In 1952, the ÖNB once again considered the still unresolved restitution issue and asked the Office of the Financial Procurator to clarify the legal situation. The letter indicates that the portrait collection was still interested in taking over the collection – without payment:
“Do ownership rights expire? If so, I would quietly keep the collection in storage until it reverted.” The Office of the Financial Procurator set the prescriptive acquisition – the transfer of title through uninterrupted ownership – at twelve years from the expiry of the deadline for submitting restitution claims.
A year later, in 1953, the heir’s legal counsel once again consulted with the ÖNB. In 1954, when it was evident that it would not be possible to obtain title through prescriptive acquisition – because of the negotiations regarding the establishment of collection points for unclaimed assets and the deadline for asserting claims under the First Restitution Act – the portrait collection for the first time made contact itself with the heir’s legal representative with a view to reaching agreement on the disposal of the collection.
For unexplained reasons, the collection nevertheless remained a further ten years in the ÖNB. In 1964, Nora Korty’s legal counsel once again asserted a restitution claim. However, the collection was not returned that year or in the following years. It was not until 1980 (!) that the heir’s legal counsel contacted the ÖNB one more time to inquire about the collection’s whereabouts. The Library pointed out that it was still willing to return the collection, but again asked the Office of the Financial Procurator to assess the legal situation. It established that the ÖNB could be seen only as the custodian of the collection and that “under these legal circumstances the basic condition for prescriptive acquisition of title [was absent]”.

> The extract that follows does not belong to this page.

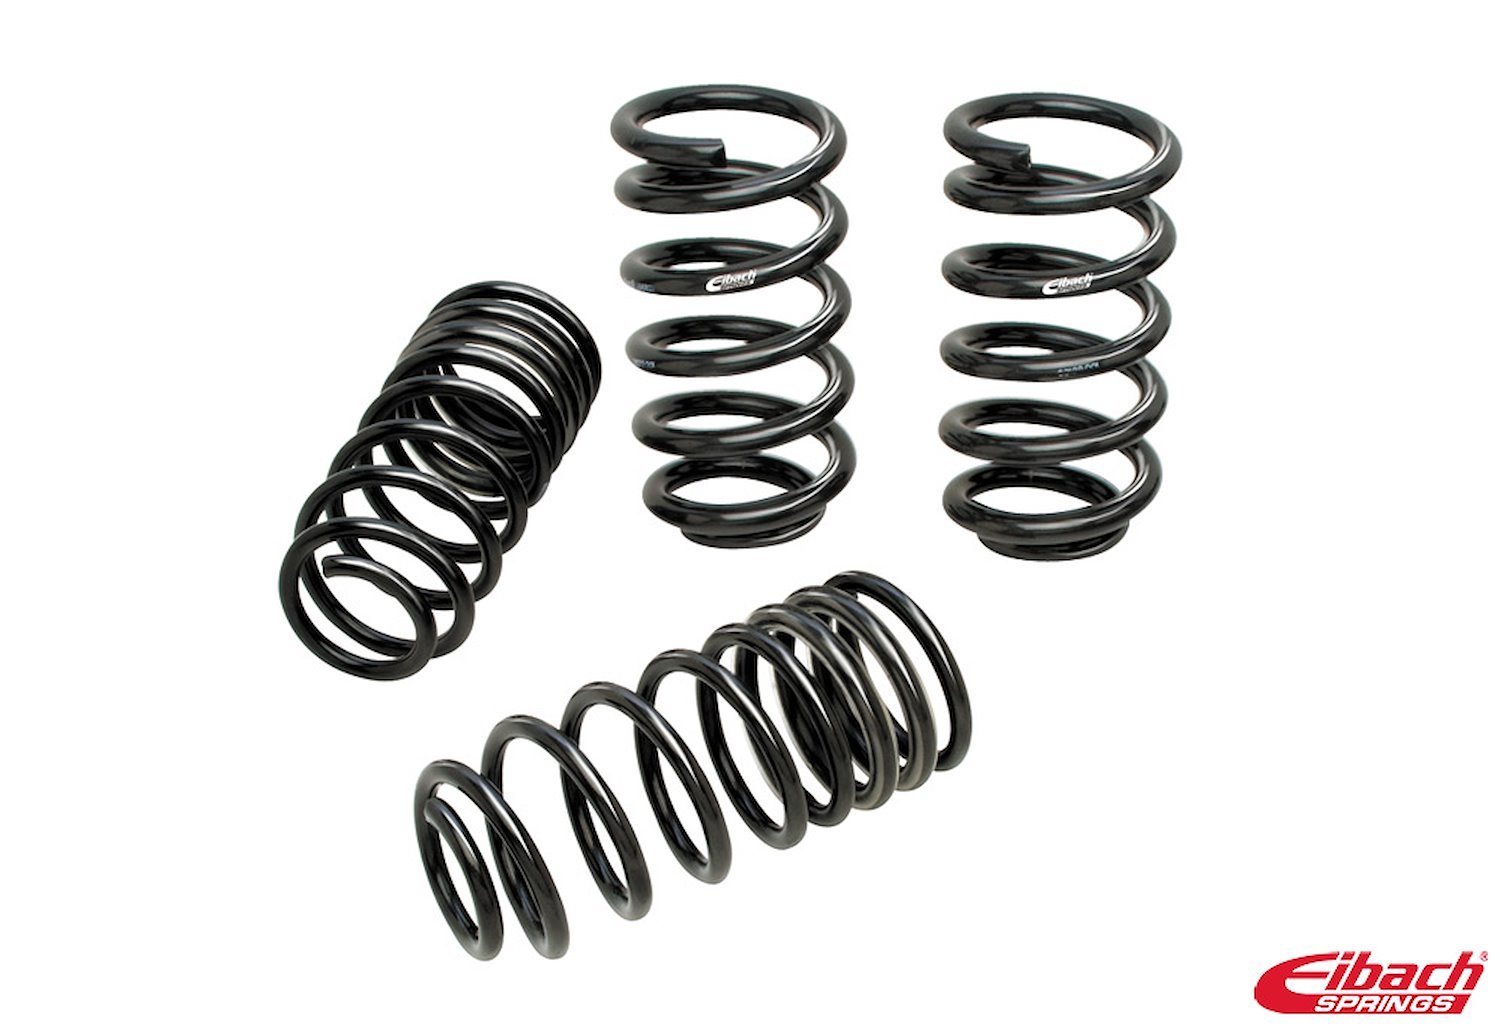 38131.540 Pro-SUV Lowering Springs 2007-13 Avalanche - 2.0" Front/Rear Drop

This restitution case, which had dragged on for thirty-two years, seemed to have been resolved when the heir gave her agreement to the restitution terms – assumption of costs for transport and acknowledgement that the collection was complete. The correspondence between the ÖNB and the claimant ended on 31 July 1980. Although a satisfactory resolution of the case appeared imminent, the collection was not restituted. At the start of the project in 2002 to identify Nazi looted objects it was still in the ÖNB.

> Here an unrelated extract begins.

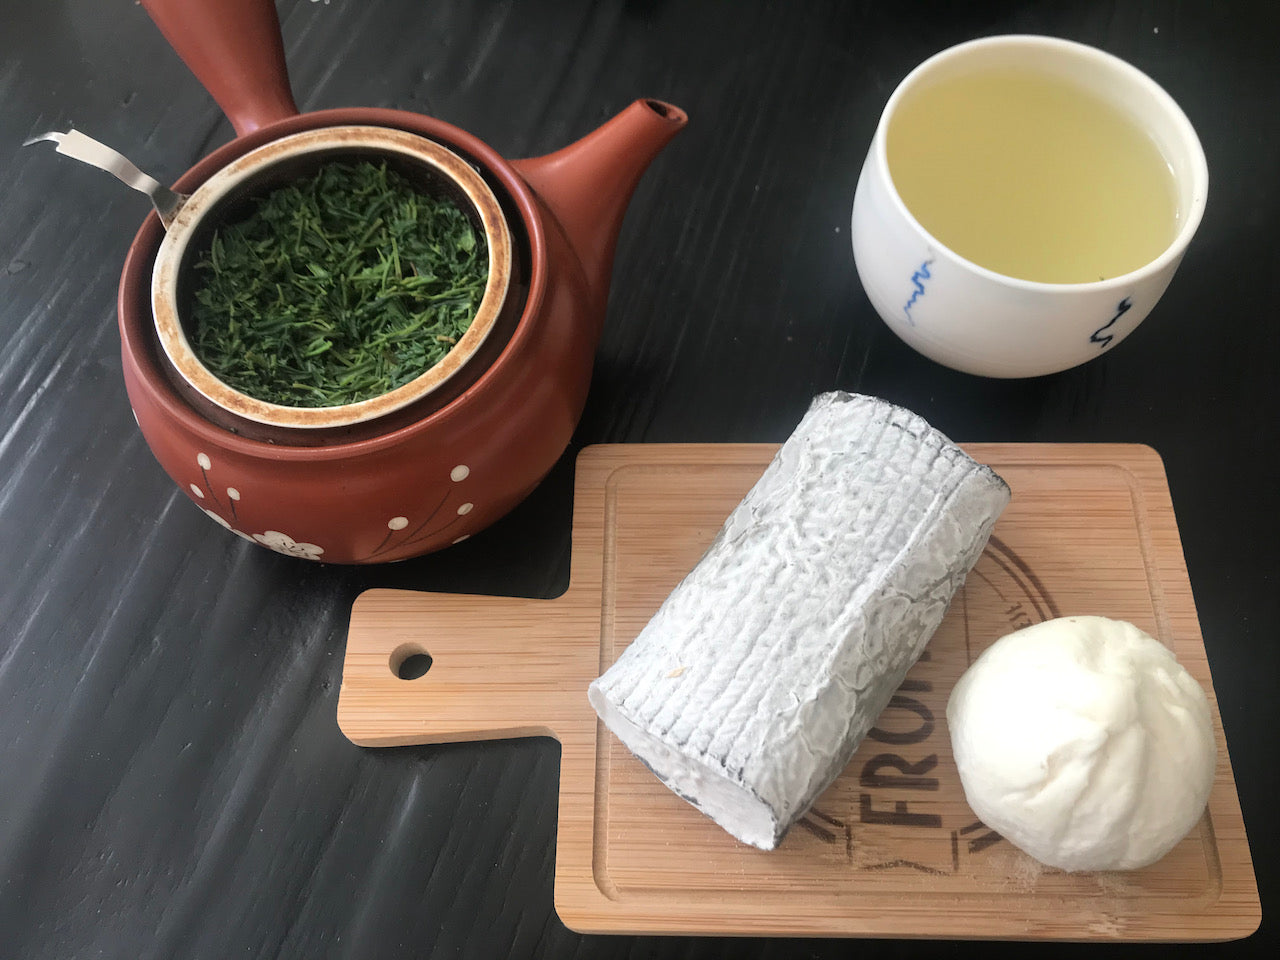 Figuette and gyokuro pairing

This complex case is typical of the approach by the ÖNB to its post-war restitution obligations. Although the heir had been in repeated contact since the end of the war, the restitution had not come about. This was due to a large degree to the lack of cooperation by the ÖNB and the denial of its role during the Nazi period.
The collection of around 30,000 photos was finally returned to Raoul Korty’s daughter in 2005, sixty-six years after its seizure and at her request purchased by the ÖNB for a sum determined by an independent expert.